Compared with our other estimates, the results in this subsection are considerably more uncertain. This exercise involves strong assumptions and depends on multiple data imputation steps. Still, we believe it functions as a useful starting point for a discussion about plausible magnitudes.
Our estimation procedure involves several strong assumptions, including those that can lead to overestimating the positive revenue feedback of the CTC. First, we do not estimate capital crowd-out and resulting impacts on wages due to a deficit-financed CTC. Second, our 20 percent causal estimate is a general equilibrium parameter that includes wage adjustments due to skill increases, but we do not vary the 20 percent causal estimate across years as new birth cohorts age into the policy and enter the workforce. Third, the 20 percent assumed causal share is highly uncertain and implies a larger (29 percent) causal share of after-tax income, under the approximation that most U.S. households face an approximately 30% (i.e., 0.29 = 0.2 / (1 - 0.3)) all-in effective marginal income tax rate as suggested by Piketty, Saez, and Zucman (2016). We intend to revisit and refine our assumptions over time and emphasize that these estimates are a work in progress.
The following figure displays estimated changes in wages in 2050 among children exposed to a full 18 years of each reform. It breaks out effects by parent income rank.
- Considered alone, the FSA’s CTC provision would provide later-life benefits comparable to those of 2021 Law and Edelberg-Kearney. But the package as a whole, which offsets CTC expansion with other tax increases, especially for unmarried parents with multiple children, is expected to provide limited benefits, on average, for children who grow up in this group.5
- We project that kids who grow up in a bottom-quintile family would fare best under the 2021 Law and Edelberg-Kearney reform options, with wages for these children being one percent higher compared to current law (about $300 in additional earnings every year, adjusted to current price levels). Current Policy, which excludes low-income families from receiving full benefits, would generate much smaller effects for children in this group.
- Each CTC expansion would provide smaller benefits as a share of income to higher income families. Children whose parents rank in the top quintile are expected to see the smallest relative benefit in adulthood, fundamentally driven by the CTC representing a smaller share of income at higher income levels.
Footnotes
- The elasticity values we use generate a probability of employment with respect to taxes. What we model is the existence or non-existence of wages. Therefore, what we see is earnings on the extensive margin, which is functionally a participation decision. We have tried to be consistent in our use of “employment” or “participation” accordingly.
- Please see this CBO report for a discussion of the relevant evidence.
- A Center on Budget and Policy Priorities analysis finds that some low-income parents – namely, those with multiple children above age five – would be made worse off when accounting for the loss of EITC benefits.

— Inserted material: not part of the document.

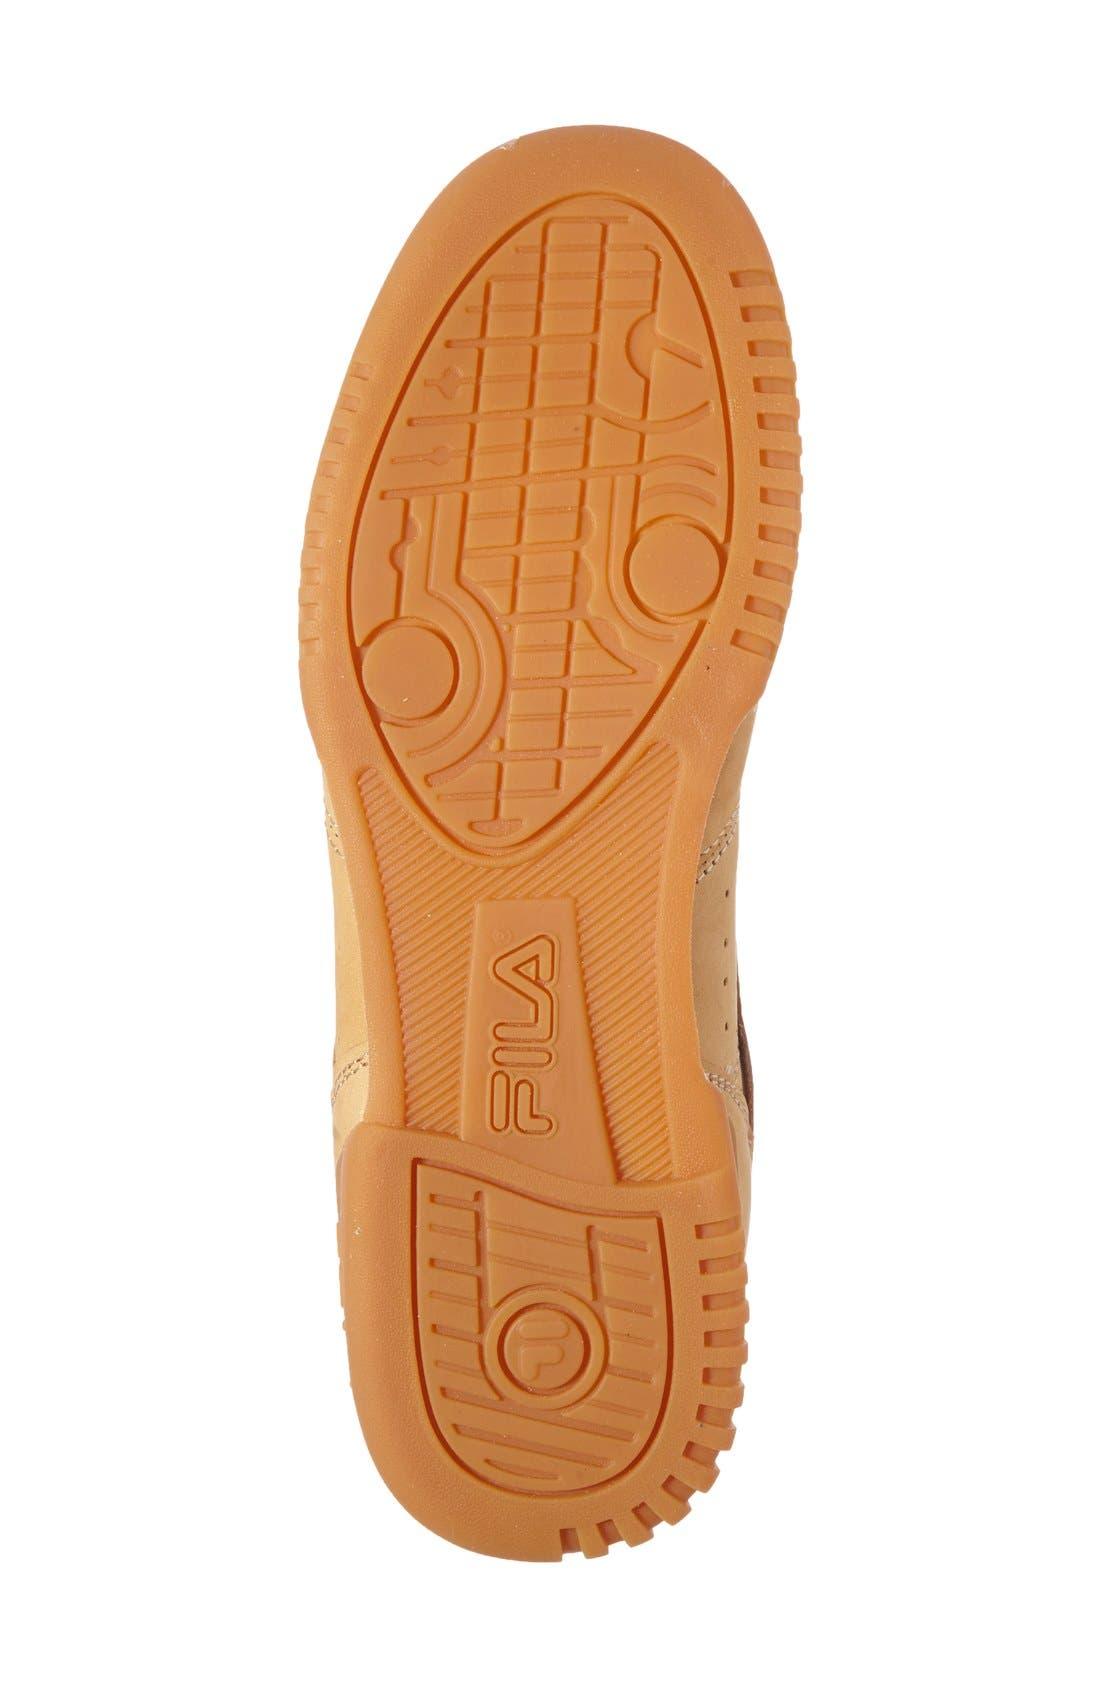 USA Heritage Sneaker,                             Alternate thumbnail 4, color,                             Tan Nubuck Leather
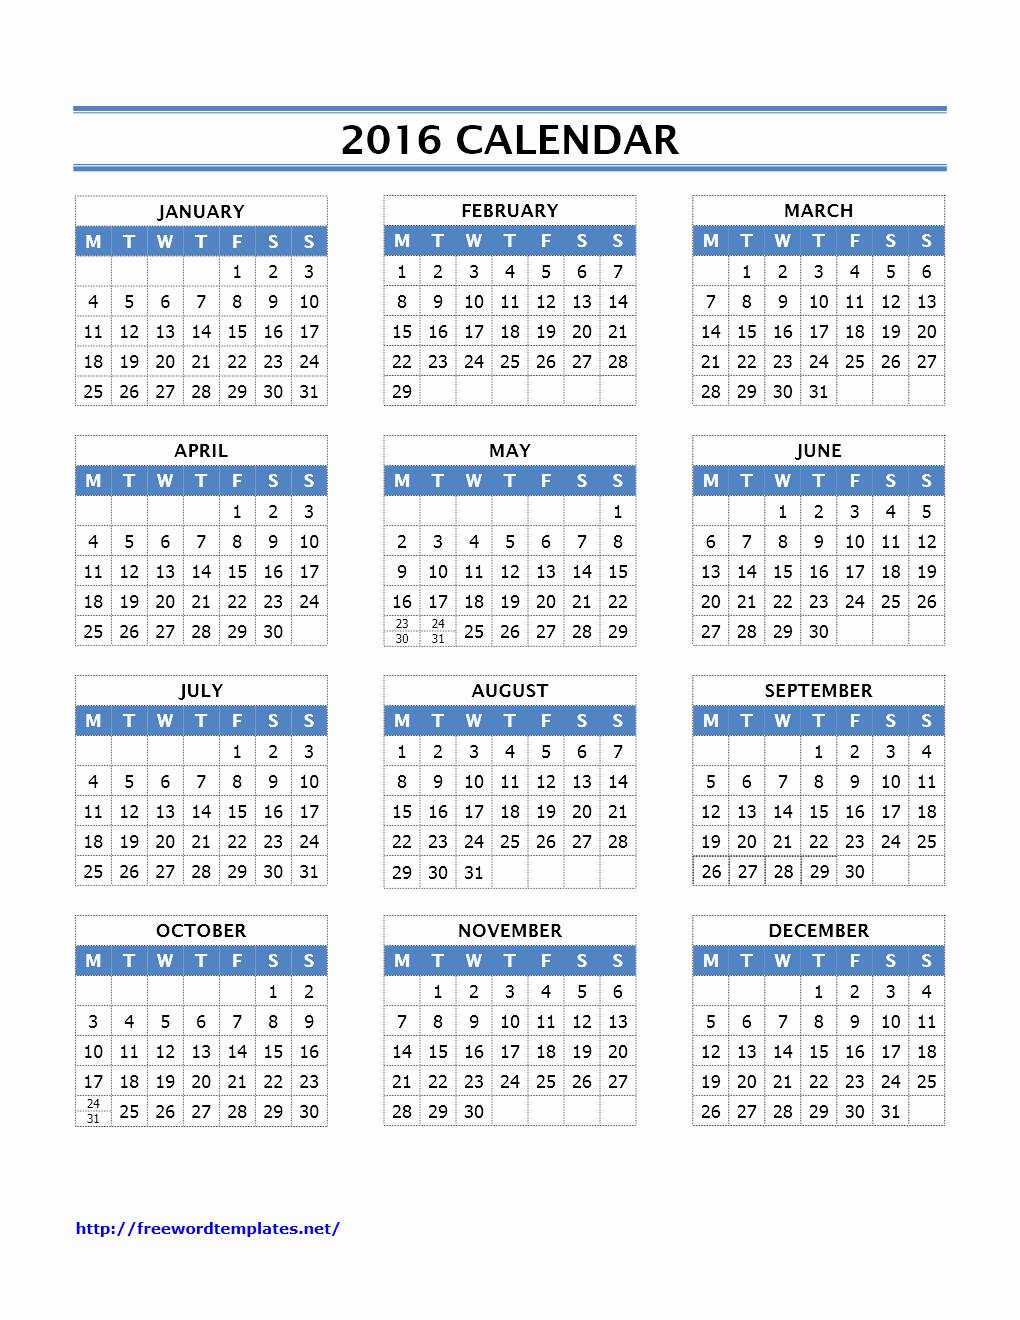 Free Year Calendar Template 2016 Awesome 2016 Calendar Templates

- Our results for 2021 Law are not directly comparable to those of other researchers, who estimate employment changes against a different policy baseline.
- Note that parent income ranks are assigned to children based on the distribution of income among tax units with children only. This population universe contrasts with that of our standard income distribution metrics, in which all tax units, including those without children, are considered. For this reason, impact as measured by the latter definition does not necessarily map to impact by parent rank.